Play Video Cramer Remix: How investors can use earnings to their advantage in this sell-off
Sell-offs that occur during earnings season often provide great opportunities for investors to build positions in top-notch stocks, CNBC's Jim Cramer argued Thursday as the market compounded its monthly losses.
"In a sell-off during earnings season, you can't have a lot of guesswork. You want to be sure you're buying companies that you absolutely know are doing well," the "Mad Money" host said. "That's what's so great about sell-offs in the reporting period: you've got the perfect shopping list because the companies have just told you exactly how they're doing."
And while the sell-off might not be over yet, as Cramer's colleague and technician Mark Sebastian predicted on Tuesday, Cramer spotted some stellar buying opportunities in the widespread weakness.
"I think these are levels, if you have a lot of cash, where you can pick a stock and start nibbling," he said. "You want a high-quality situation at a discount, where you know the merchandise isn't damaged, just the stock."
Right now, four stocks fit the bill, Cramer said.
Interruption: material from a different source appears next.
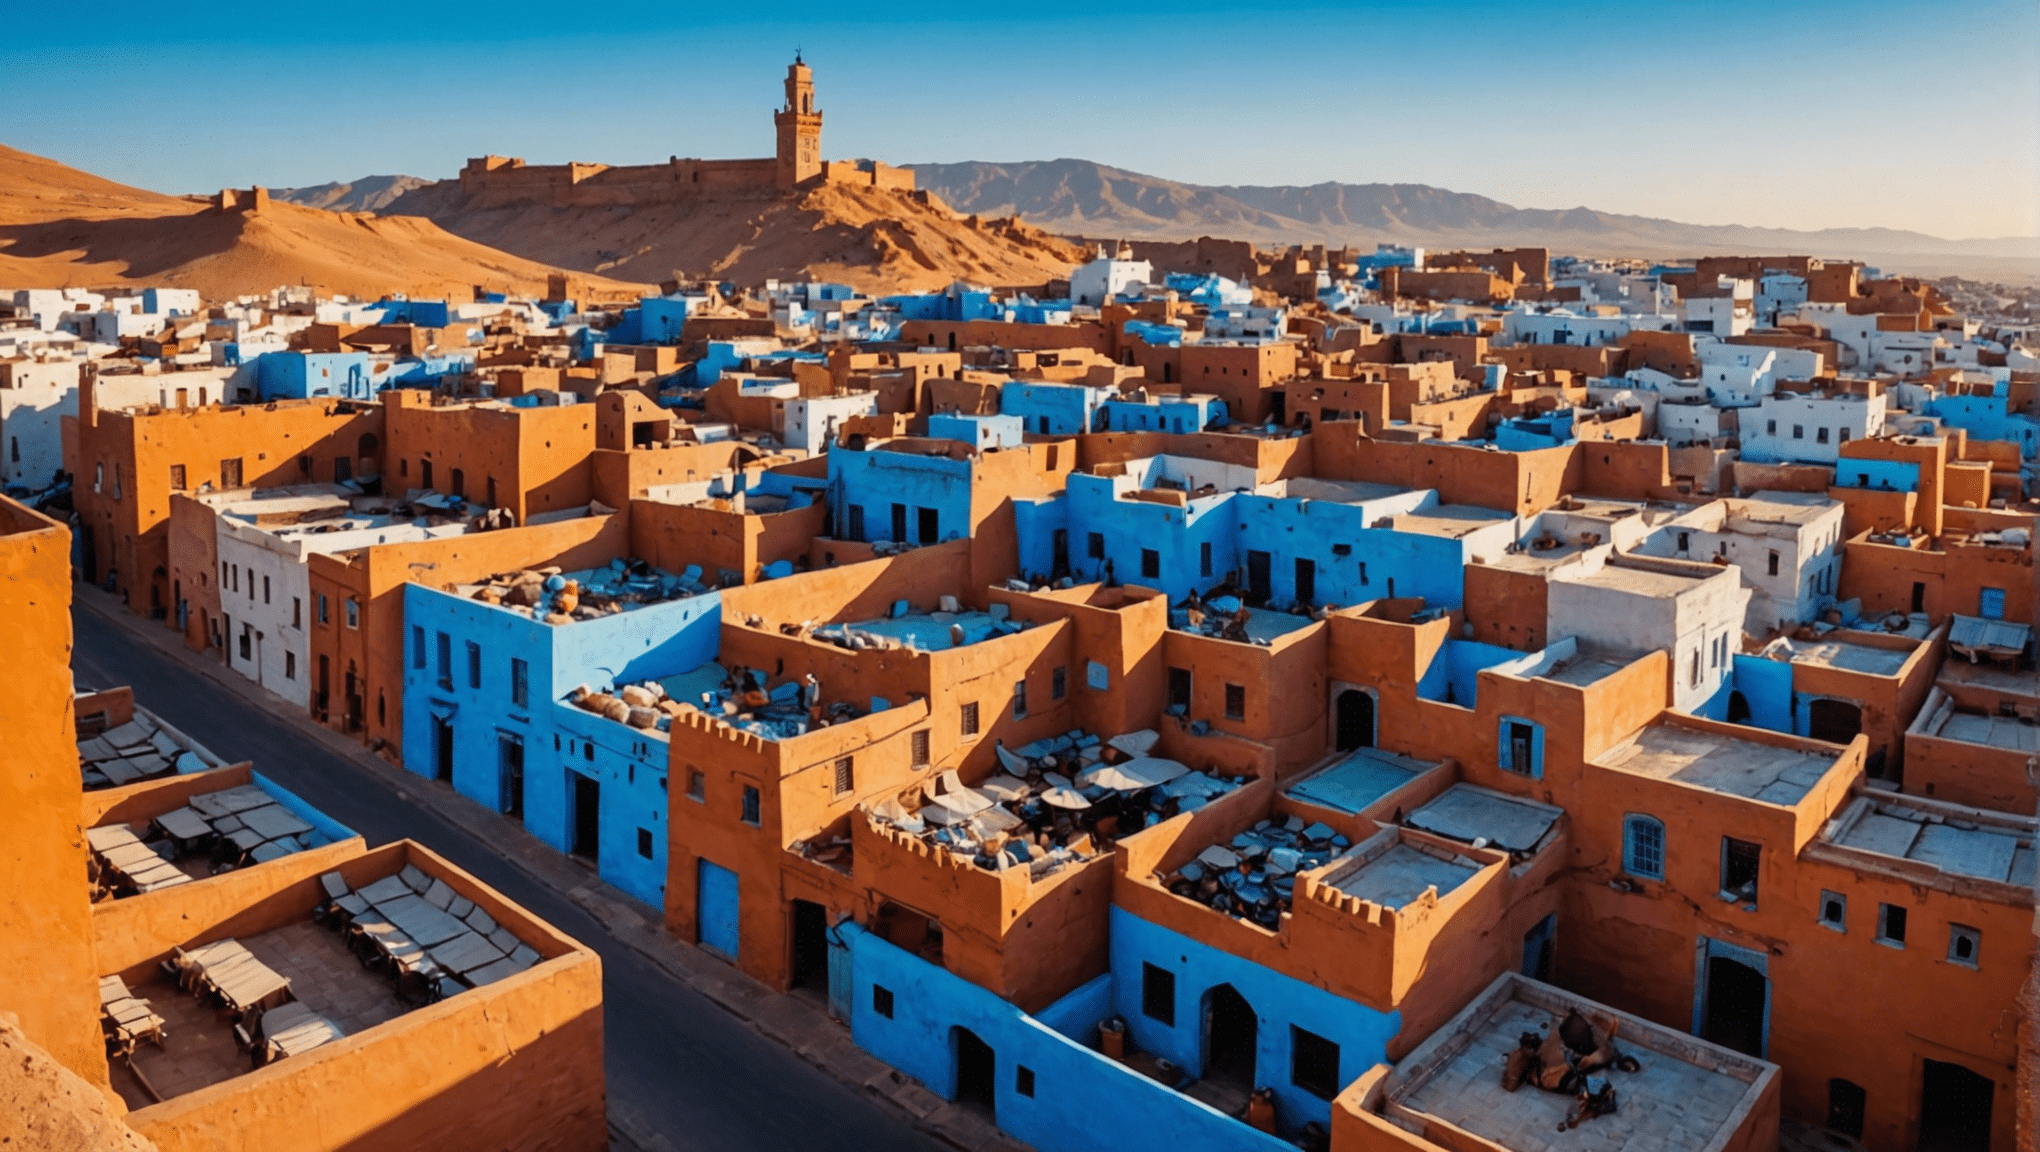 découvrez les lieux de tournage les plus époustouflants du Maroc et laissez-vous inspirer pour visiter ces lieux magnifiques pour votre prochaine aventure.

Click here to see his recommendations.
The Fed's making 'a mistake,' Cramer says Federal Reserve Board Chairman Jerome Powell speaks during a press conference in Washington, DC, September 26, 2018.
Stocks tanked on Thursday because people are finally realizing that the Federal Reserve has the power to hurt stocks and slow the economy, Cramer said after the Dow Jones Industrial Average fell more than 300 points.
"This is one of those moments where it's dawning on people that maybe all the assurances that we don't need to be afraid of the Fed are being proven to be totally bogus," he said.
Behind those assurances are two "lousy" theories, Cramer said: the idea that more rate hikes are necessary because the U.S. economy is close to full employment, and the idea that the rate hikes won't hurt the market because they're already "baked in."
If hourly wages were skyrocketing, Cramer said he would understand the need to raise interest rates four more times, as the Fed has said it plans to do. But with millions of workers at risk of losing their jobs from bankruptcies — see Sears' recent turmoil — or new technological applications that make certain jobs redundant, he didn't see the incentive.
"There's no cause for the Fed to tighten four more times. None," Cramer said. "This is what all this turmoil's about in the market. They're taking preemptive action because they're afraid of potential inflation. I think that's a mistake. The labor market's taken a decade to recover from the financial crisis. Why not give it some more time?"
Click here for his full analysis.
Cramer's power ranking for the tech sector Tim Cook
Cramer wanted to reaffirm his faith in the technology sector as the tech-heavy Nasdaq index took Thursday's sell-off pain head-on, dropping 2.1 percent amid marketwide weakness.
So the "Mad Money" host decided to continue his "power rankings" of stocks with the most investment potential in each sector with the information technology space, the single largest sector in the S&P 500.
"On the one hand, tech's still the second-best-performing sector in the market right now, right behind health care," Cramer said. "On the other hand, it's been annihilated over the past few weeks."
Click here for the stocks he sees as the most investable right here, right now.
Longtime retail executive talks breaking into cannabis space Marijuana buds on display at The Farm Co. in Boulder, Co.
Cannabis retail in the United States is fraught with "points of dissonance" in the stores that exist today, retail industry veteran Peter Horvath, who now runs a cannabis-focused consumer products company, told CNBC on Thursday.
Horvath, a former L Brands and American Eagle Outfitters executive whose newest employer, Green Growth Brands, will come public later this year, said he realized this when he visited 100 cannabis stores in the United States on a mission to understand the landscape.
The idea was to visit all of them quickly "so that, eventually, you can see what the patterns are," Horvath told Cramer in an exclusive interview.
"In most retail experiences, there's too many points of dissonance. In cannabis, it's the same, except they're even more extreme," the CEO said. "There are things to admire, but generally, every single store is underperforming its true market potential."
Click here to watch and read more about his full interview.
Lightning round: Cramer's 3M worry
In Cramer's lightning round, he raced through his take on callers' favorite stocks:
3M Co.: "It's down $59 bucks from its 52-week high. Now, I have to tell you, in pure candor, I discussed with [TheStreet analysts] Zev Fima and with Jeff Marks today whether we shouldn't trim the position ahead of the quarter for our charitable trust and tell the club members that we're less certain. It's already a small position. I am very concerned about the Oct. 23 report if they do not do a restructuring. I think it'll be disappointing. I'm putting it out there."
Brinker Intl.: "I've always been a fan, but I have to tell you, the stock that everybody likes right now is McDonald's. I'm not going to back away from that. I am also a fan of Wendy's."
Disclosure: Cramer's charitable trust owns shares of 3M.